Keywords:  COVID swab complications; CSF rhinorrhoea; Iatrogenic CSF leak

Mesh:

Year:  2021        PMID: 33775348      PMCID: PMC7834700          DOI: 10.1016/j.jocn.2021.01.003

Source DB:  PubMed          Journal:  J Clin Neurosci        ISSN: 0967-5868            Impact factor:   1.961


Background

CSF leaks can be categorized based on aetiology, anatomic site, age of patient, or underlying ICP. Historically, accidental trauma from closed head injury (CHI) is the most common aetiology of CSF leaks, and they occur in approximately 1%–3% of all CHI. Traumatic CSF leaks usually begin within 48 h, and 95% of them manifest within 3 months of injury [1]. The coronavirus pandemic as of March 2020 has brought the world to a standstill. One of the pillars of management and containment of the pandemic is community testing. To date, over 9 million tests have been conducted in Australia. Of those tests conducted, less than 1% have been positive [2]. Nasopharyngeal swab is one of the 4 recognised methods of testing and most commonly instigated; others being saliva, sputum and blood [3]. The alternative upper airway testing method is bilateral deep nasal and oropharynx swab which has now become standard of practise. CSF leak post nasal swab for COVID-19 has only been reported once in the literature. The case was of a woman in a 40 s presenting with a unilateral rhinorrhoea, headache and neck stiffness post nasal swab as part of screening prior to elective surgery. The patient had a background of idiopathic intracranial hypertension and previous nasal surgery for polyp removal. The fluid was confirmed to be CSF via B-2-transferrin assay. A CT and MRI confirmed an encephalocele extending through the right ethmoid fovea into the middle meatus and a right sphenoid wing pseudo meningocele. The patient underwent endoscopic repair of CSF leak [4].

Case presentation

A 59 year old male presented to ED in July 2020 with unilateral rhinorrhoea present for 2 months.

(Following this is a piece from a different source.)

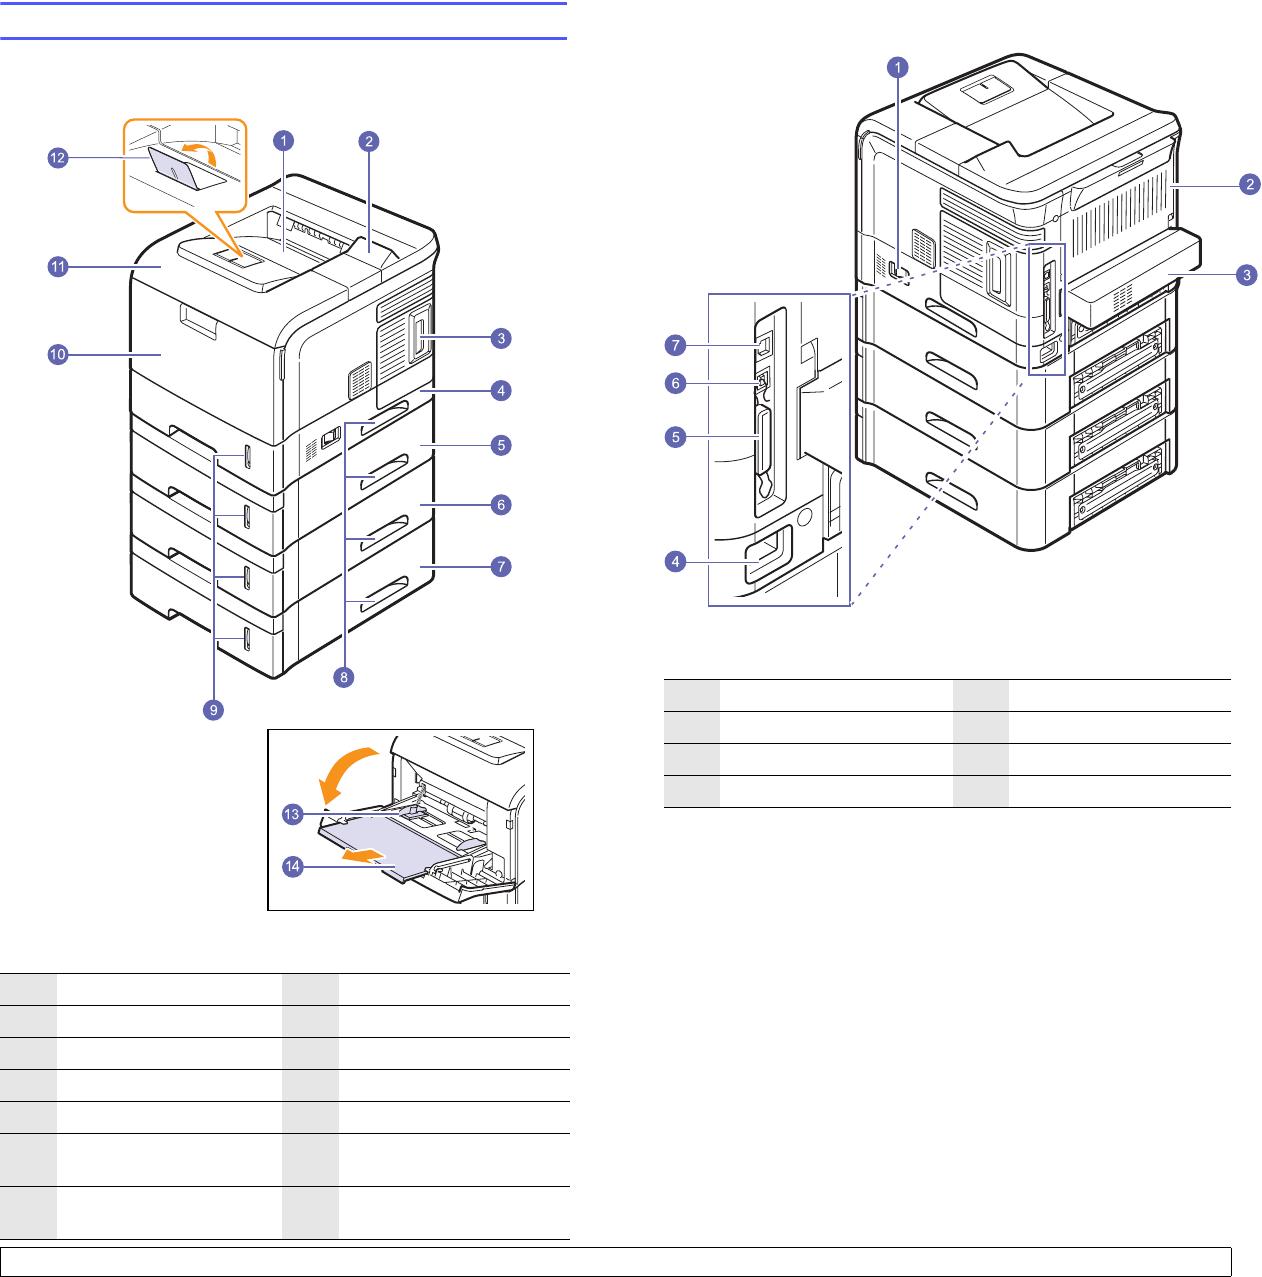 Ricoh Aficio Sp 5100n Users Manual Strap St 3 W 13

He previously had presented to ED in May 2020 with a runny nose from both nostrils and cough. He was sent to Liverpool hospital COVID clinic for a nasopharyngeal swab. The test was conducted by a registered nurse and it was negative. The patient represented because his flu like symptoms subsided but the rhinorrhoea from his left nostril persisted. His past medical history was significant for hypertension, type 2 diabetes melitus and dyslipidaemia. He denied any history of major skull base trauma, recurrent sinusitis, meningitis or previous nasal/sinus surgery. He denied any headaches or raised ICP symptoms. Clinical exam revealed persistent nasal discharge of clear fluid on bending forward from the left nostril. The rate of fluid egress increased with valsalva. His case was discussed with the on-call ENT specialists and they requested a beta-2-transferrin as well as a CT brain and sinuses. The CT brain showed a communication between the left middle cranial fossa with the left sphenoid sinus via a defect in the lateral wall of the sella turcica with the left temporal horn being drawn through the defect Fig. 1 . His beta-2-transferrin returned as positive and the patient was referred to neurosurgery for combined management.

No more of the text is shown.